Short sale sellers have been traditionally faced with the possibility that their lender would seek a
deficiency i.e., the difference between the sales price set forth in the short sale and the existing loan
balance.
While in many sales for less than the full balance of the existing loans, the paperwork provided by the
bank provides for a waiver of the deficiency, most such paper work contain a warning to the seller
that the bank was retaining its option to recover the deficiency by an action in court.
With the passage of SB 931, which went into effect on January 1, 2011, a borrower that comes within
the language of the statute no longer needs to worry that he or she will be sued by the lender for the
difference between the loan balance and the sales price received by the lender.
It should be noted, however, that this anti - deficiency protection is afforded only to a loan secured by
a first trust deed. Furthermore, it applies only to a single family residence which the statute defines as
" a dwelling of not more than four units."
There are certain limitations to this anti - deficiency consumer protection statute.

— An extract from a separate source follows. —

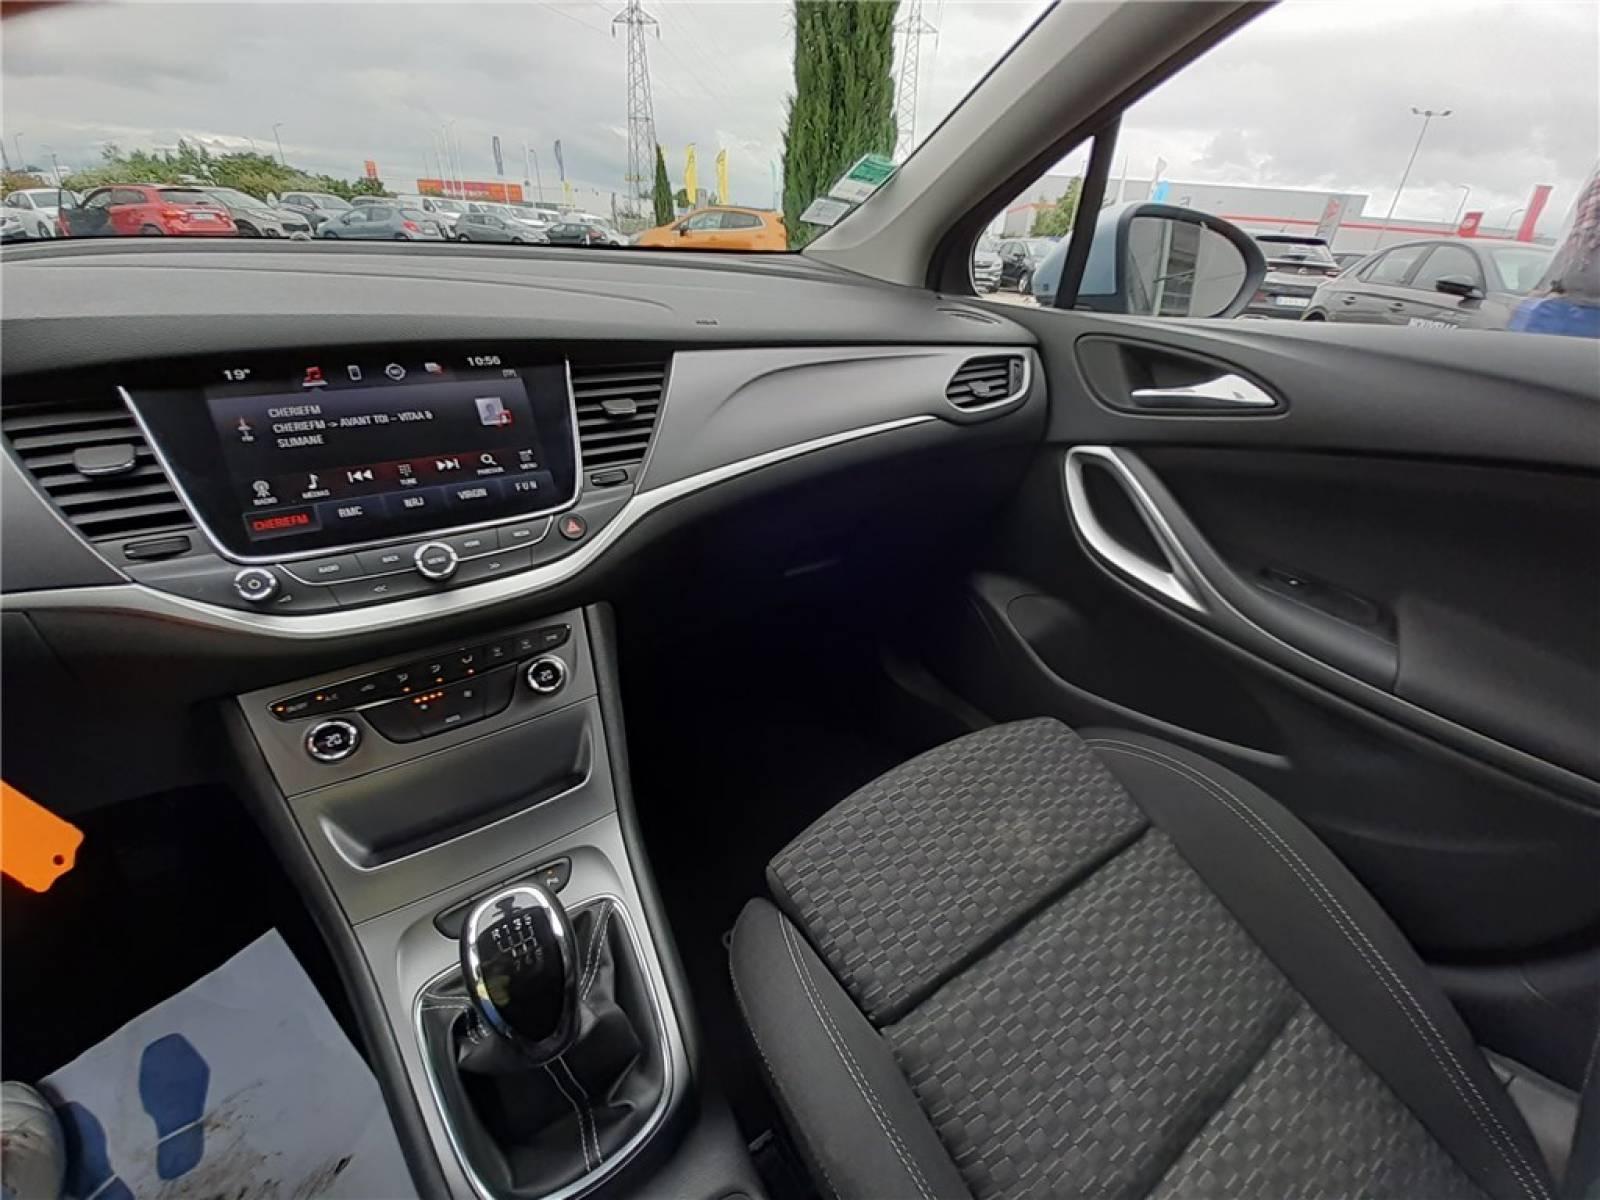 OPEL Astra Sports Tourer 1.6 CDTI 110 ch - véhicule d'occasion - Groupe Guillet - Opel Magicauto - Chalon-sur-Saône - 71380 - Saint-Marcel - 31

The first and most
important limitation is that it does not apply to junior liens. Thus, the holder of a note secured by a
second trust deed would still retain the right to sue for the non - payment of the note. Another
limitation is that it applies only to human borrowers not corporations. Interesting, however, there is no
requirement that the human borrower be an owner occupant. Finally, this statute does not apply when
the borrower commits either fraud.
While this statute, on its face, may be a boon to short sales in that it insulates the homeowner from
deficiencies in connection with a sale for less than the balance of the loan, there is a potential that
this recent enactment will have a chilling effect on short sales because note holders, who can no
longer sue for a deficiency, will likely require higher payoffs to offset the potential recovery that they
formerly had when deficiencies were possible.